Die Abbruchzone ist deutlich als große von Norden nach Süden verlaufende
Abrisskante zu erkennen. Auch an der Basis der pyramidenähnlichen Formationen
sind die Ergebnisse von Hangrutschungsprozessen erkennbar.
Bereits beim ersten Blick auf die Bilddaten fällt nördlich der vermeintlichen
"Pyramiden" in direkter Nachbarschaft zum "Marsgesicht" eine weitere
Bergstruktur auf, die in ihrer Form entfernt an einen Totenkopf erinnert.

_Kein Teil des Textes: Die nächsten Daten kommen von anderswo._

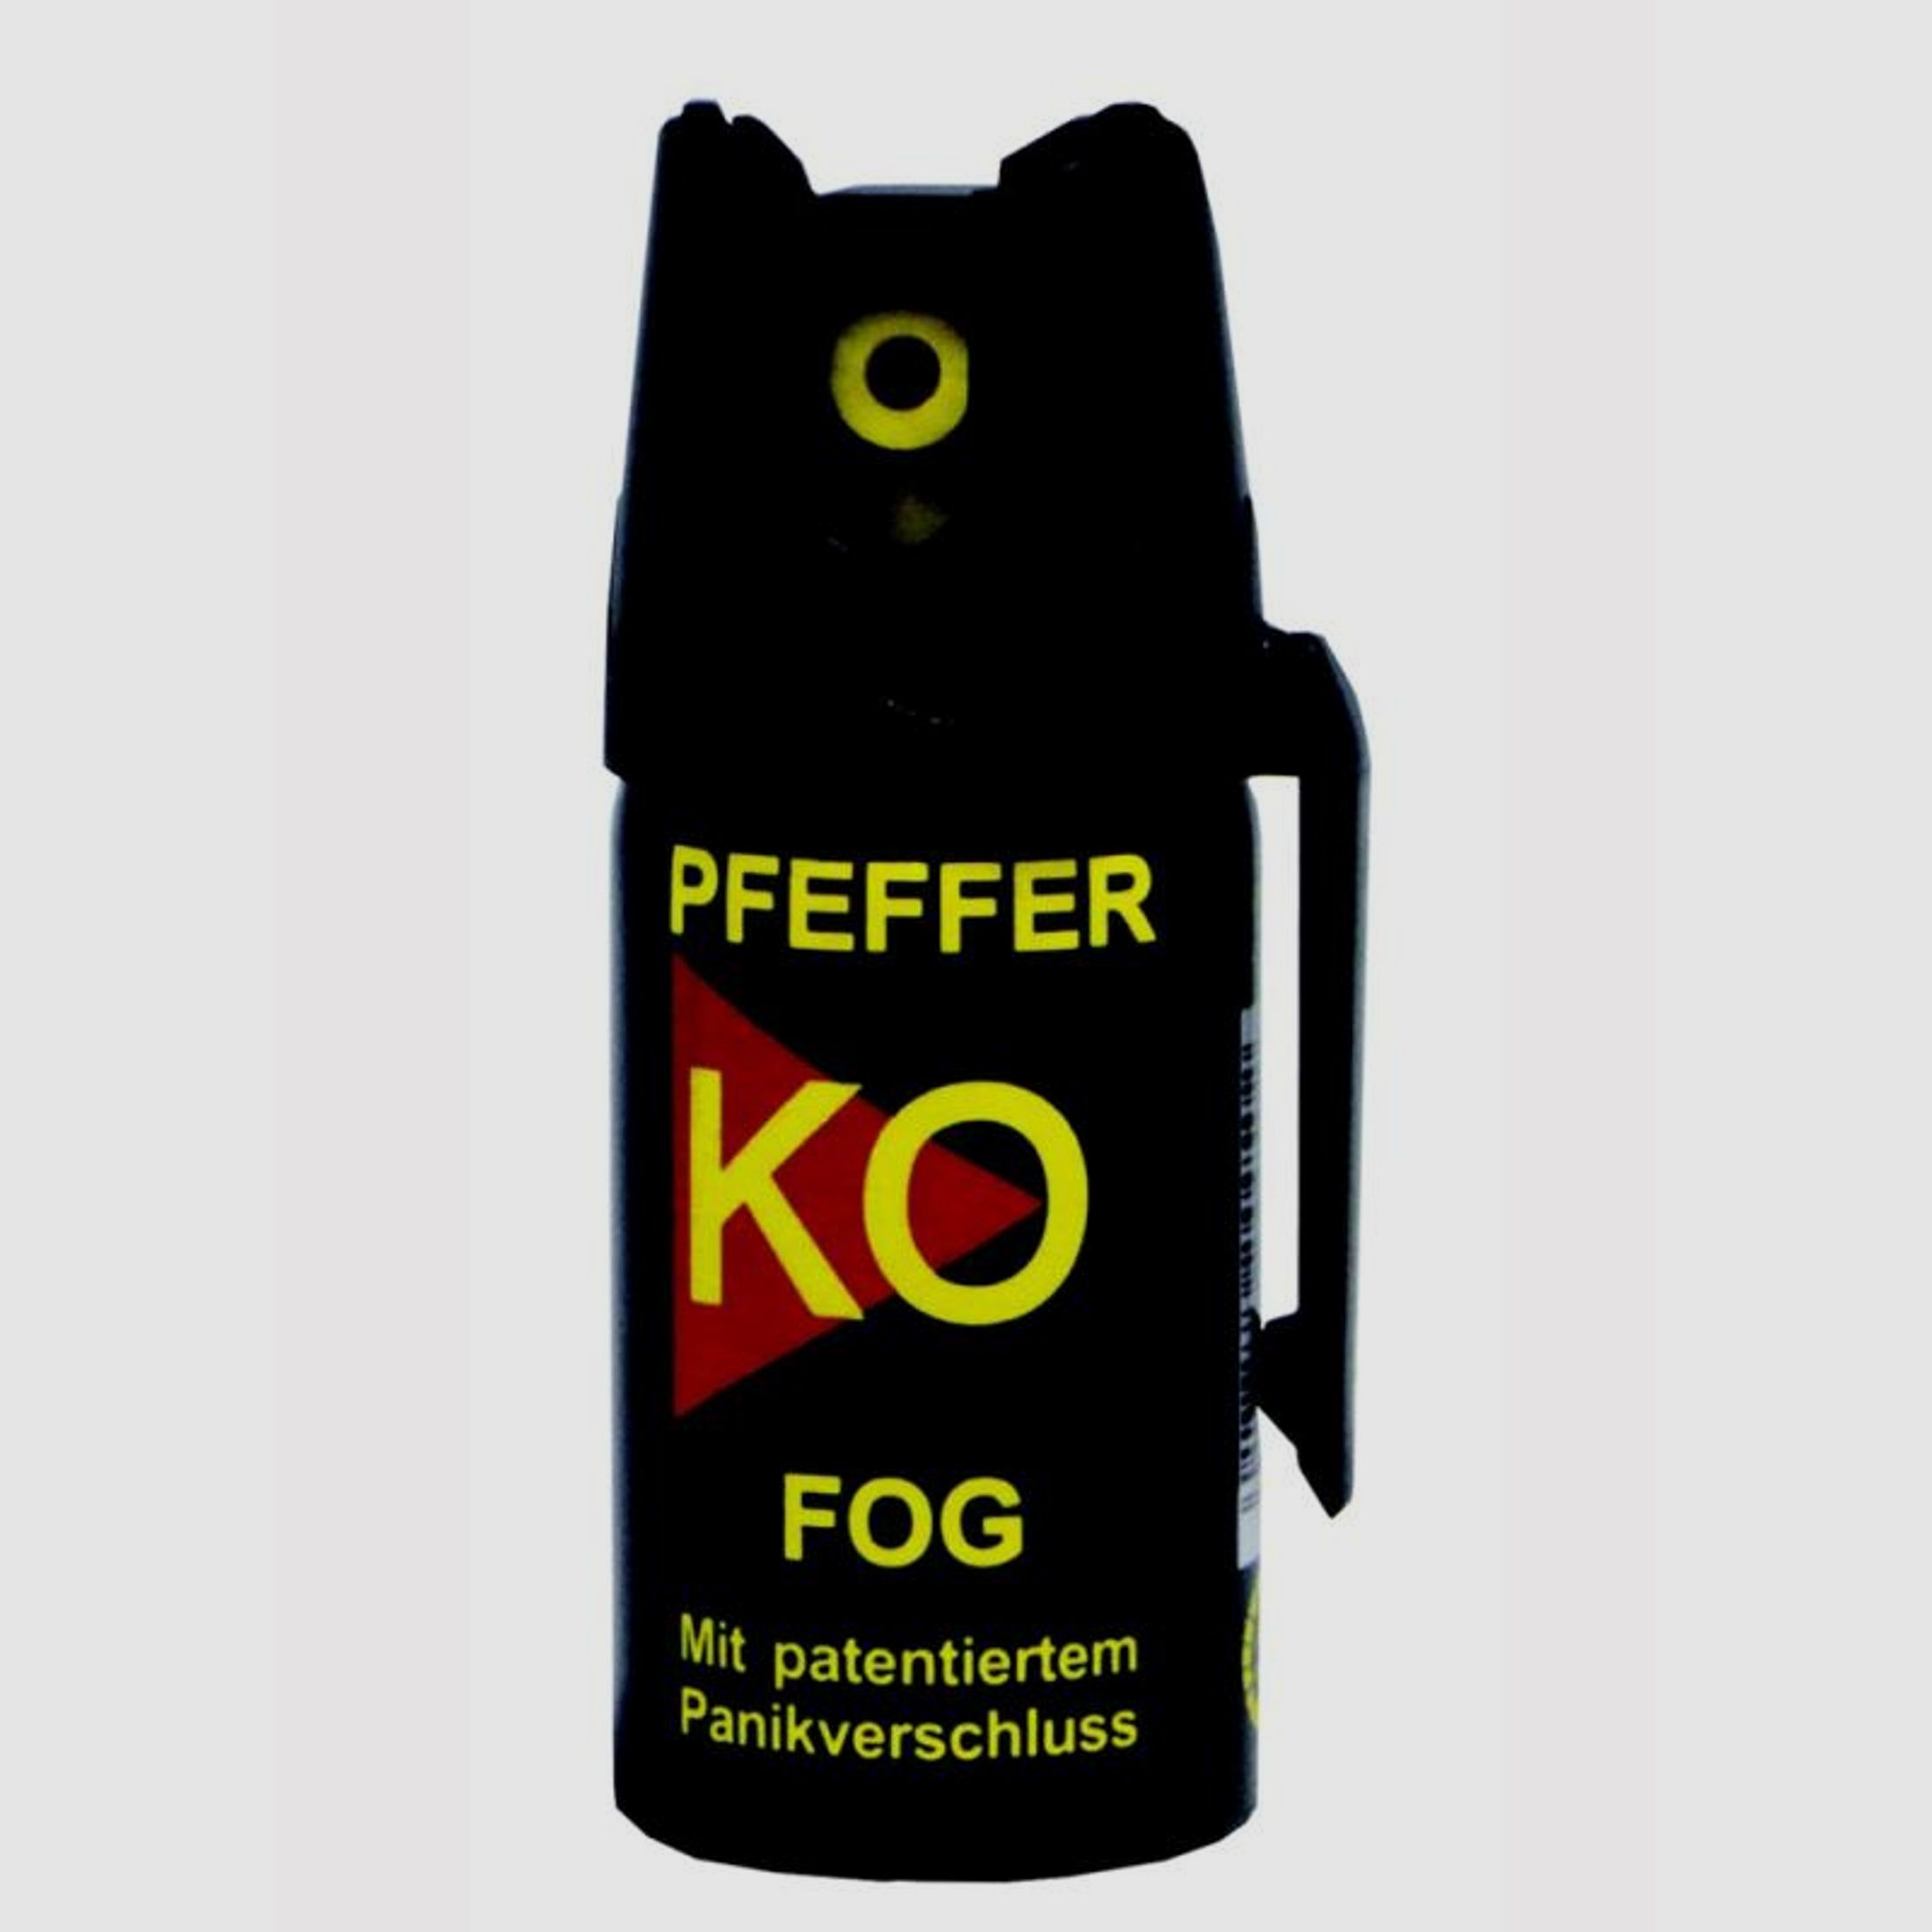 Pfeffer-Spray K.O. Fog (Sprühnebel) - 40ml

Professor Jaumann: "Auch auf der Erde erzeugt die Verwitterung ungewöhnliche
Strukturen, und die Menschen lassen ja ihrer Phantasie bei der Benennung von
solchen Bergen gerne freien Lauf – wer kennt nicht einen ganz natürlich
entstandenen 'Geierkopf', die 'Schlafende Hexe' bei Berchtesgaden oder an vielen
Orten der Welt aneinander gereihte Berge, die dann 'Zwölf Apostel' genannt
werden? – Die Natur ist eben auch kreativ, und so gibt es bei den Cydonia-Bergen
auf dem Mars genauso wenig Grund zu Spekulationen, dass es sich dabei um
unnatürliche Formationen handelt."
Das Kameraexperiment HRSC auf der Mission Mars Express der Europäischen
Weltraumorganisation ESA wird vom Principal Investigator Prof. Dr. Gerhard Neukum (Freie Universität Berlin) geleitet. Das Wissenschaftsteam besteht aus 45
Co-Investigatoren aus 32 Instituten und zehn Nationen. Die Kamera wurde am
Deutschen Zentrum für Luft und Raumfahrt (DLR) entwickelt und in Kooperation mit
industriellen Partnern gebaut. Sie wird vom DLR-Institut für Planetenforschung in Berlin-Adlershof
in Zusammenarbeit mit ESA/ESOC betrieben.